- **Data in this exercise**

* * * * * * * * *

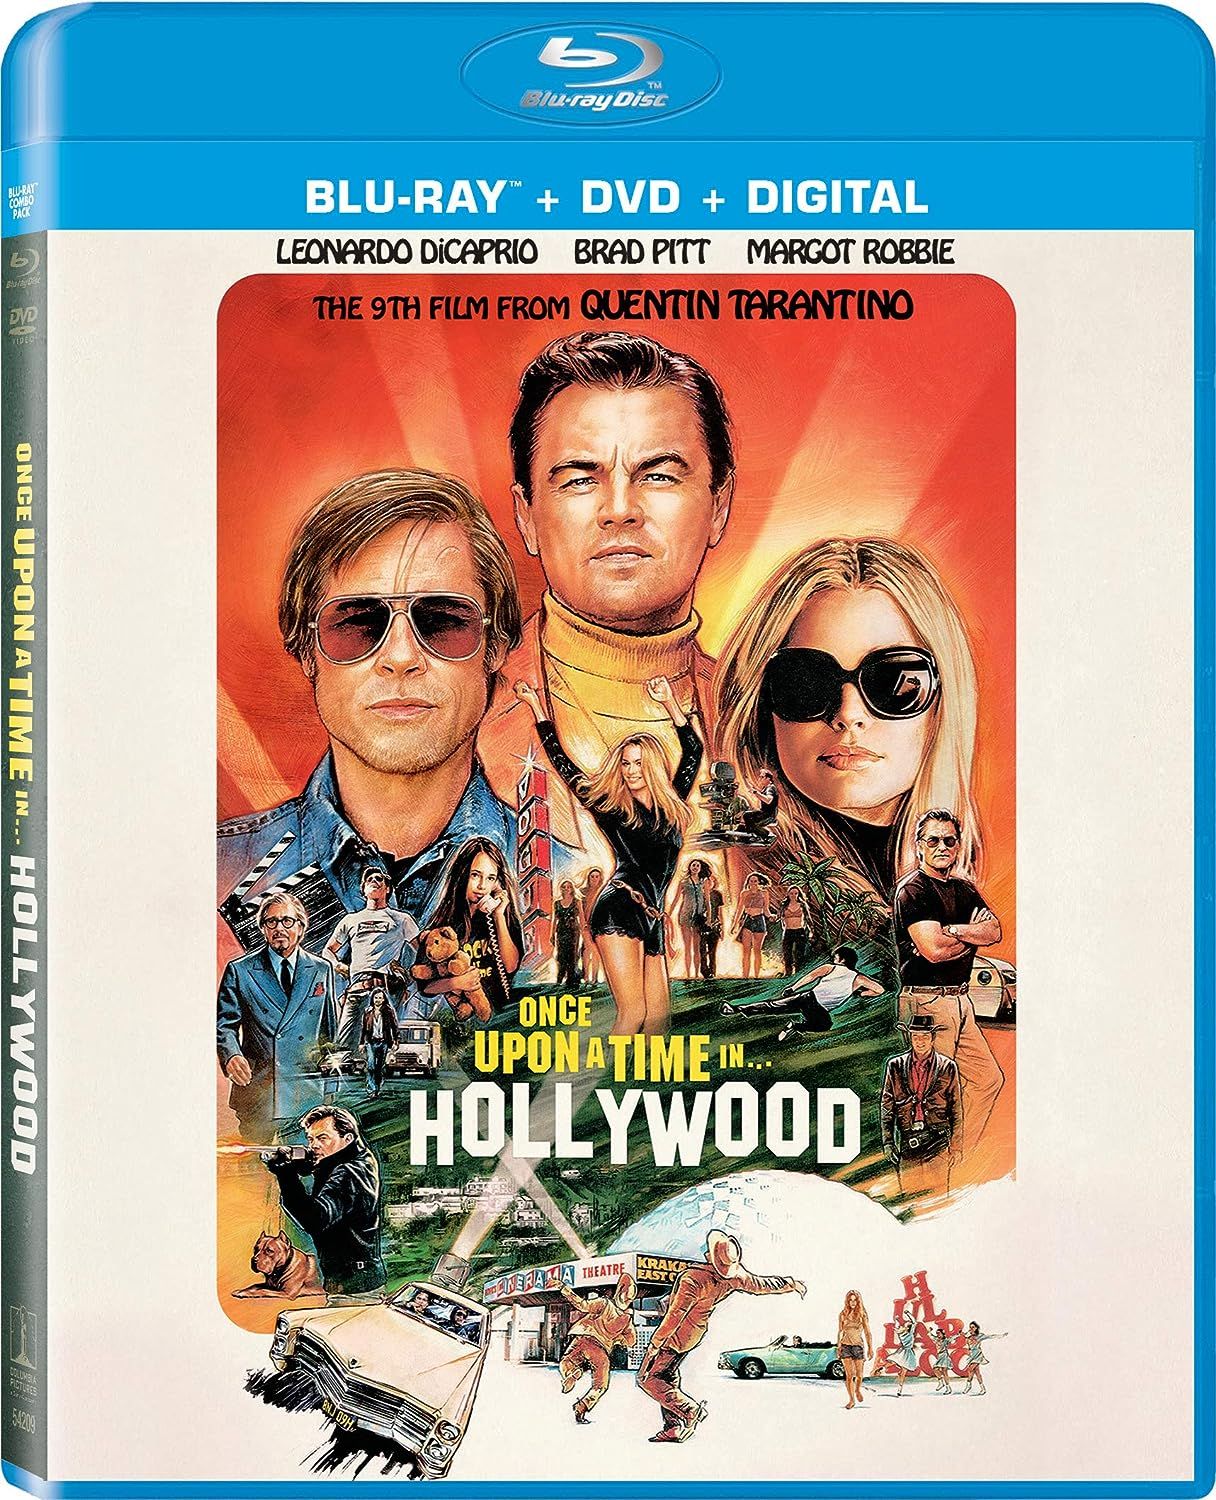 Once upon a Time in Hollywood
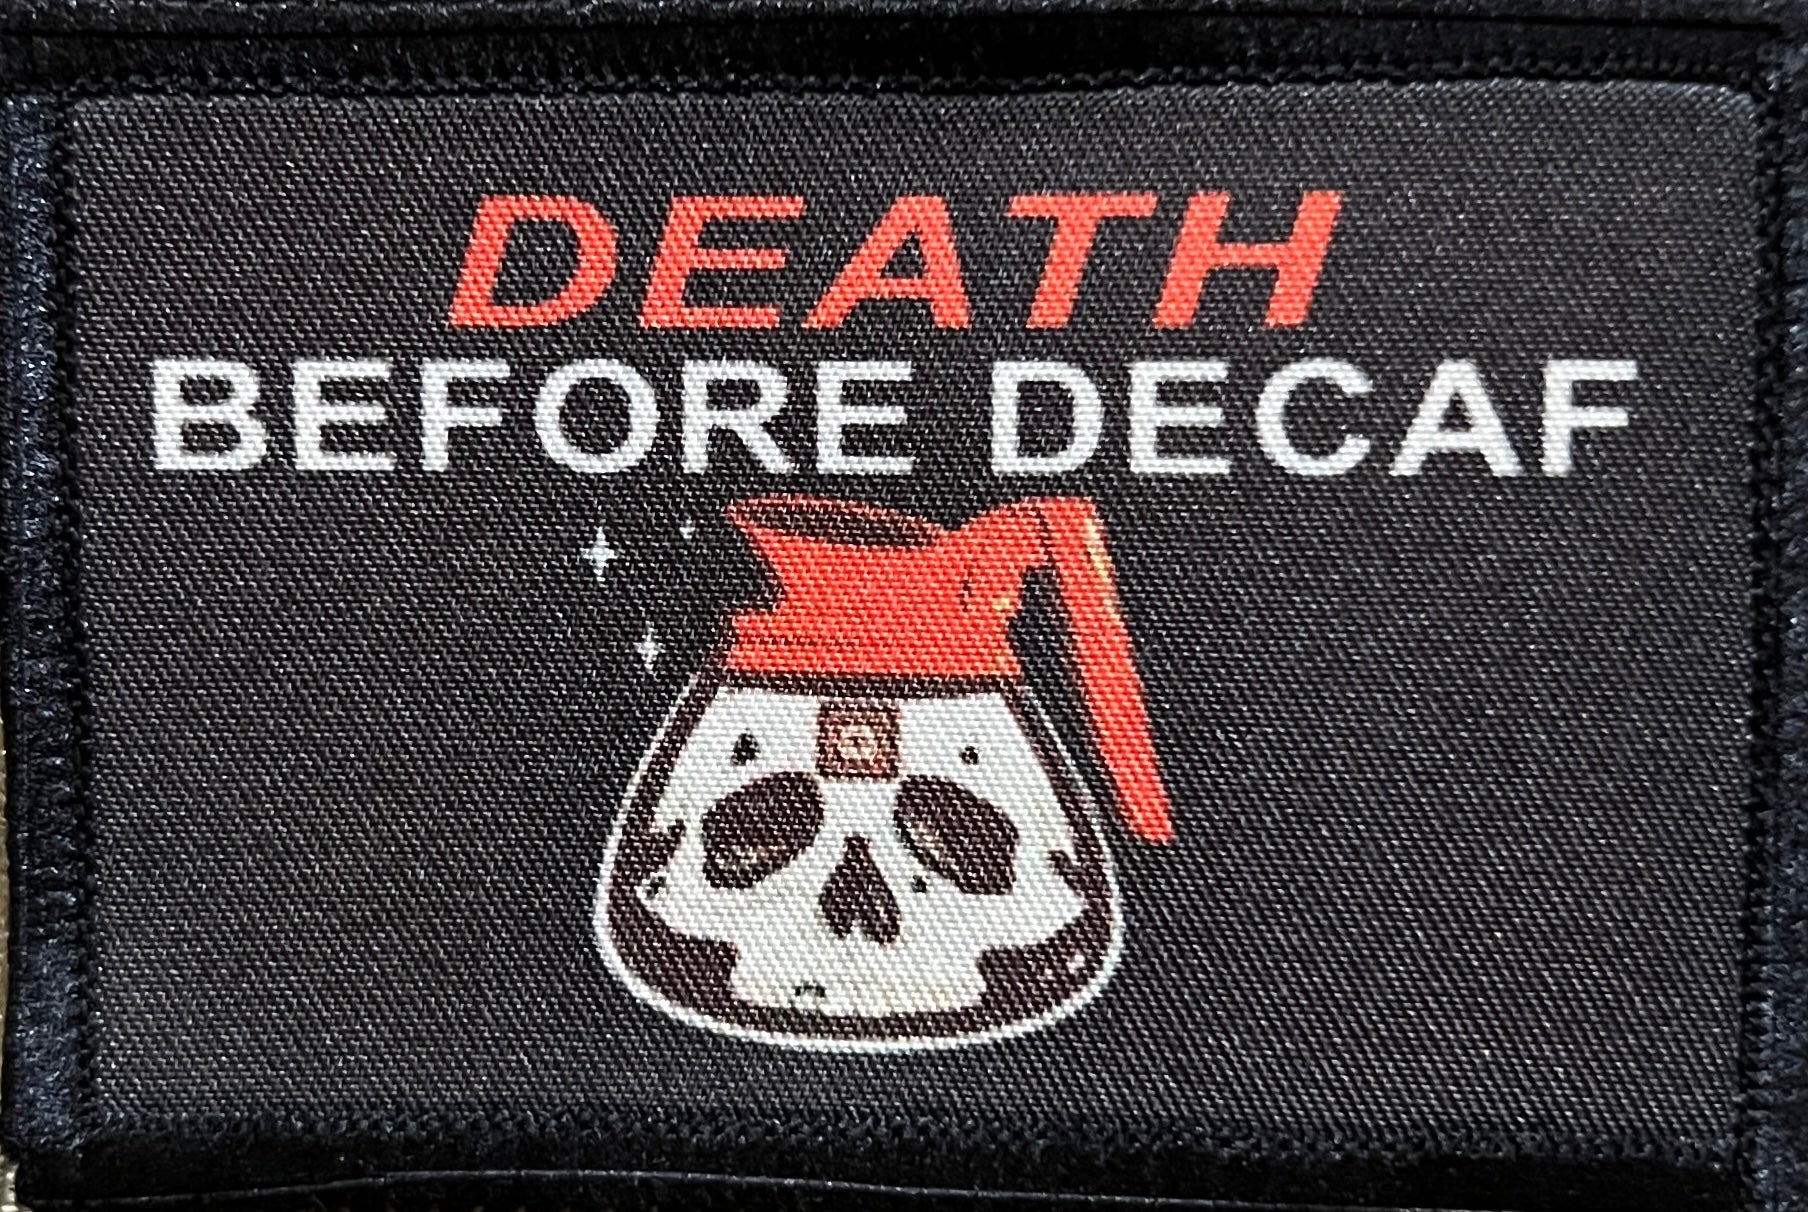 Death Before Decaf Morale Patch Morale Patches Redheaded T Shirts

* * * * * * * * *

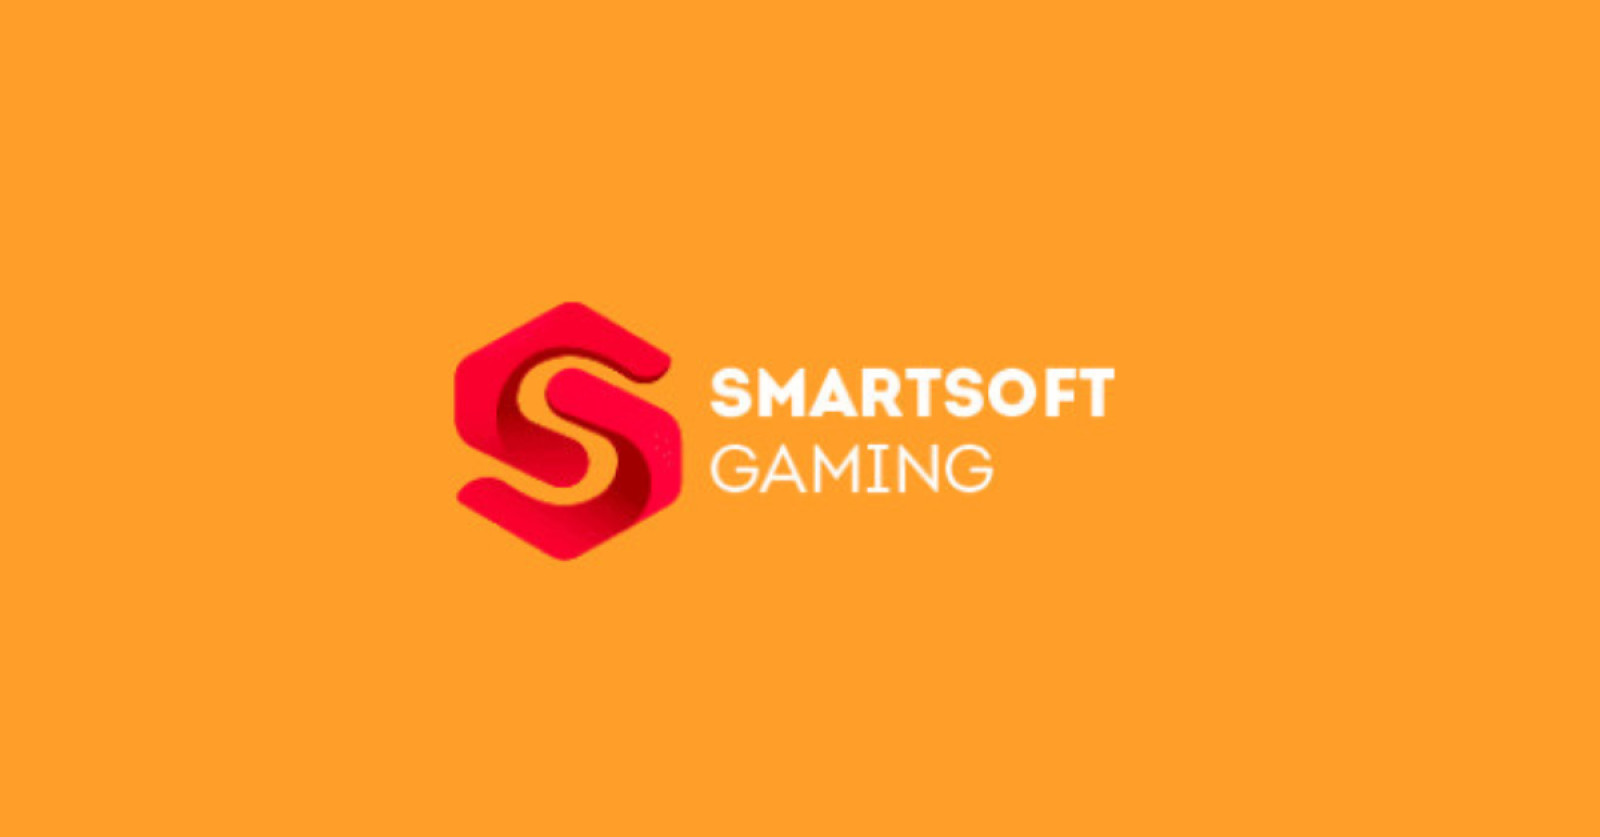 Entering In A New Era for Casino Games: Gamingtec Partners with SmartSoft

* * * * * * * * *

- **Task goal**
Treat the line with "Once upon a Time in Hollywood" as the start and the line with "Death Before Decaf" as the end, and return exactly that span of the data above, both ends included, without pictures.

- **Your response**
 Once upon a Time in Hollywood
 Death Before Decaf Morale Patch Morale Patches Redheaded T Shirts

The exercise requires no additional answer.